Dengan menguasai hampir seluruh saham GPI, INET kini memiliki kontrol penuh atas operasional dan strategi bisnis entitas tersebut. Akuisisi ini juga memberikan akses ke basis pelanggan eksisting GPI, mempercepat penetrasi pasar retail ISP.

Kombinasi antara infrastruktur fiber optik, layanan IP Transit, konstruksi jaringan, dan ISP retail menciptakan ekosistem bisnis terintegrasi yang komprehensif. Model bisnis vertikal ini memberikan INET keunggulan kompetitif dalam industri telekomunikasi yang fragmentatif.

Dampak Pembatalan terhadap Strategi INET

Meski pembatalan kerja sama dengan WIFI tampak seperti kemunduran, kondisi finansial INET yang solid menunjukkan perusahaan mampu menyerap dampaknya. Pengembalian uang jaminan total Rp 109,51 miliar tidak menggerus posisi kas perusahaan yang mencapai Rp 404,44 miliar.

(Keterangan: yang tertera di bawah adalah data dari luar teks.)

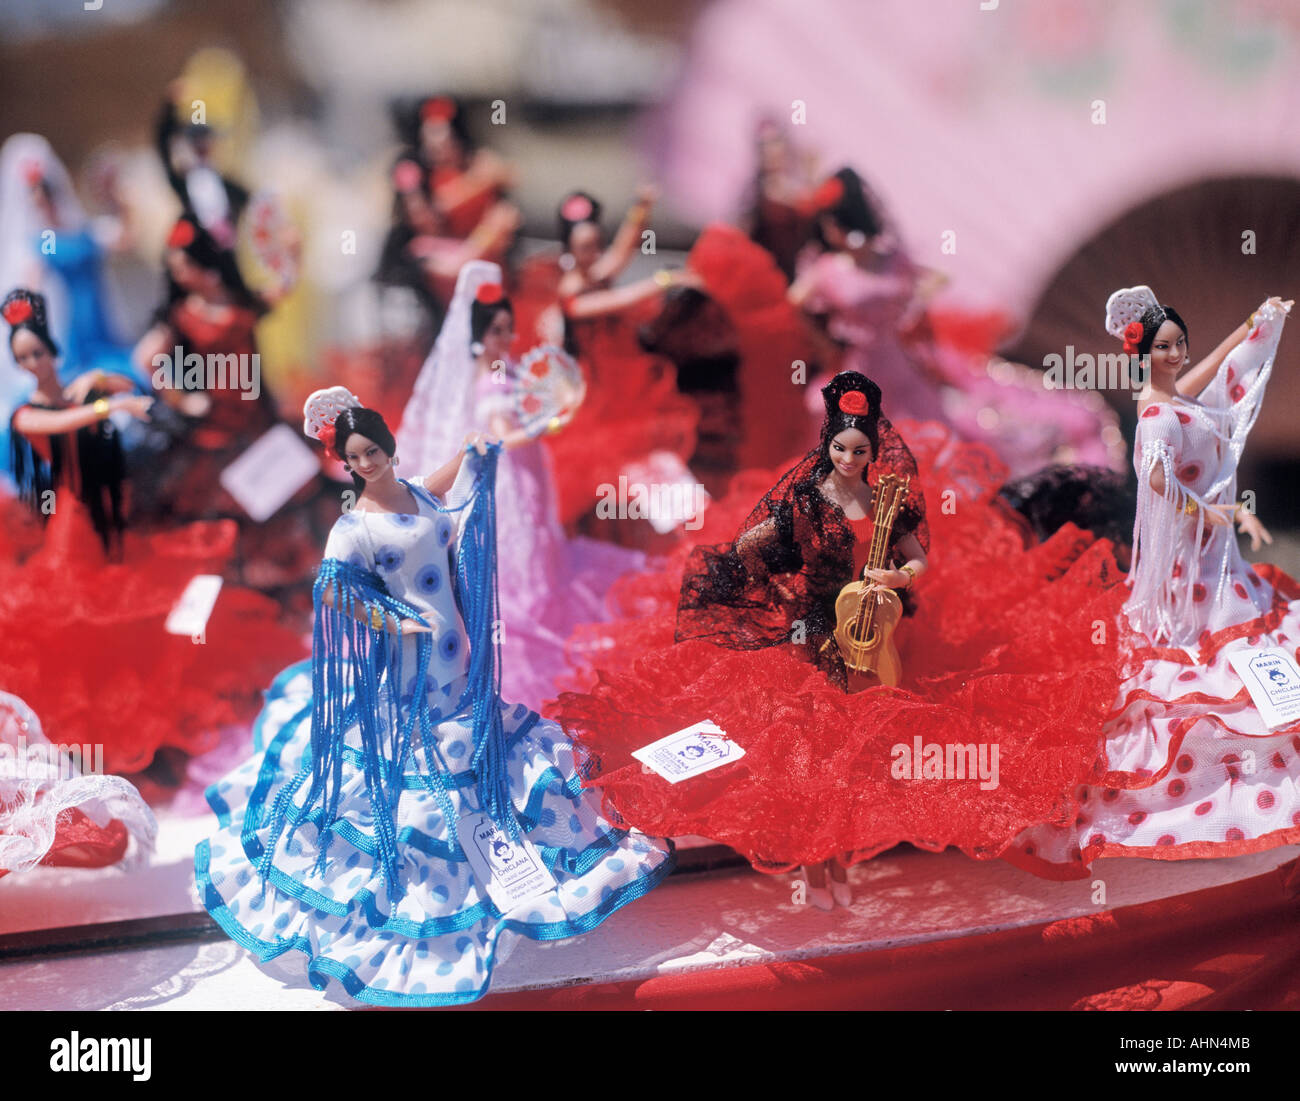 Spanien-Souvenir Puppen im Schaufenster Flamenco Kleider tragen  Stockfotografie - Alamy
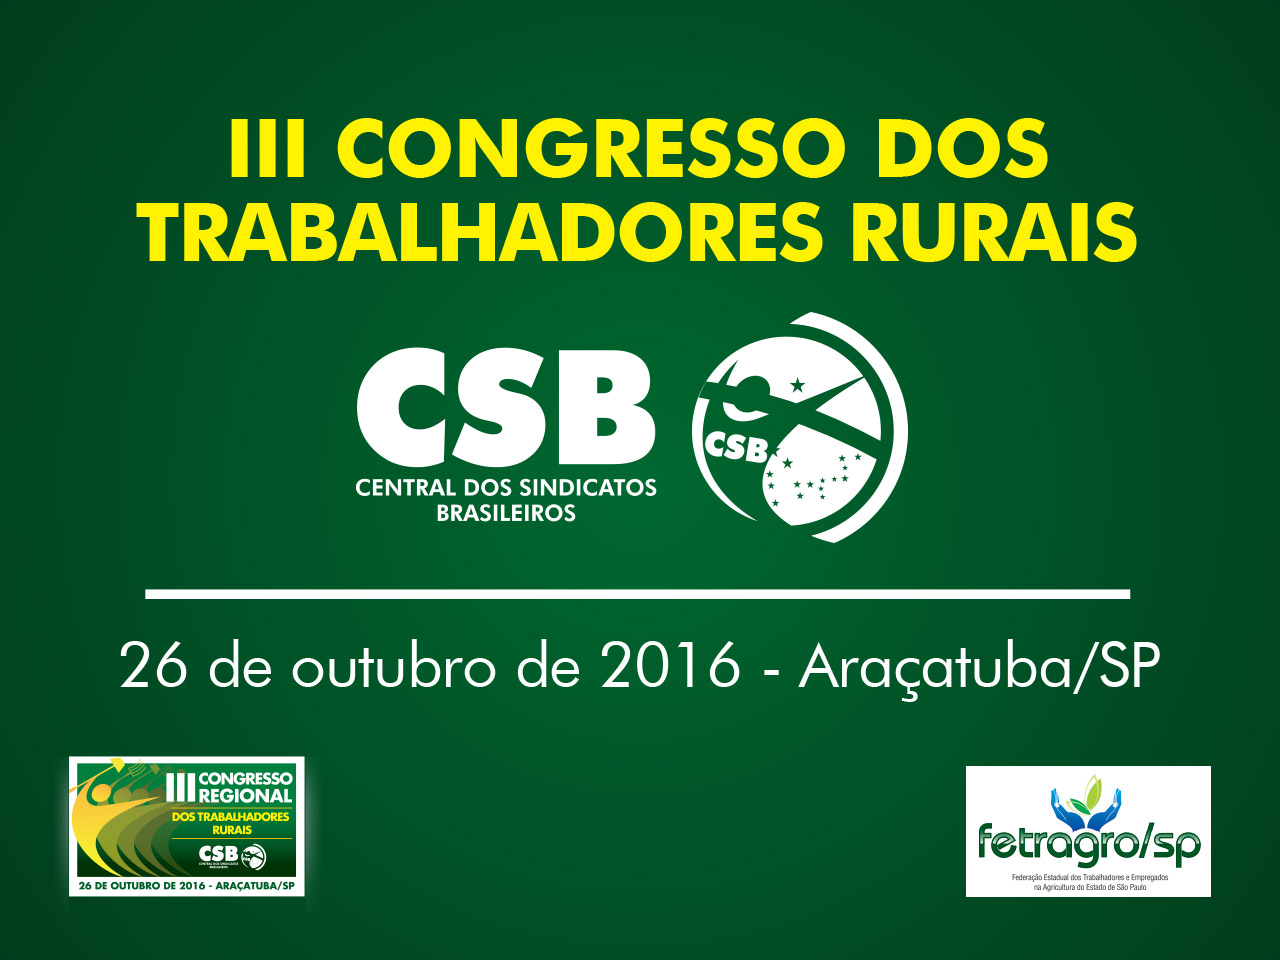 III Congresso dos Trabalhadores Rurais de SP da CSB será realizado em Araçatuba

Terlebih lagi, kerja sama baru dengan JIA yang bernilai lebih besar (Rp 269,23 miliar) menunjukkan INET berhasil menemukan alternatif mitra strategis. Perusahaan tidak bergantung pada satu proyek atau satu mitra, melainkan memiliki fleksibilitas untuk menyesuaikan portofolio sesuai kondisi pasar.

Pada akhirnya, pembatalan ini bisa jadi merupakan bagian dari konsolidasi strategi bisnis kedua belah pihak. WIFI mungkin memilih fokus pada segmen bisnis lain, sementara INET mengalokasikan sumber daya untuk proyek dengan return lebih menarik seperti kerja sama dengan JIA dan ekspansi infrastruktur Batam-Singapura.

Kinerja INET di tahun 2025 yang gemilang membuktikan perusahaan berada di jalur pertumbuhan yang tepat. Dengan fondasi finansial yang kuat, portfolio anak usaha yang terintegrasi, dan investasi infrastruktur jangka panjang, prospek bisnis INET di tahun 2026 tetap menjanjikan meski harus melepas kerja sama dengan emiten milik konglomerat Hashim Djojohadikusumo.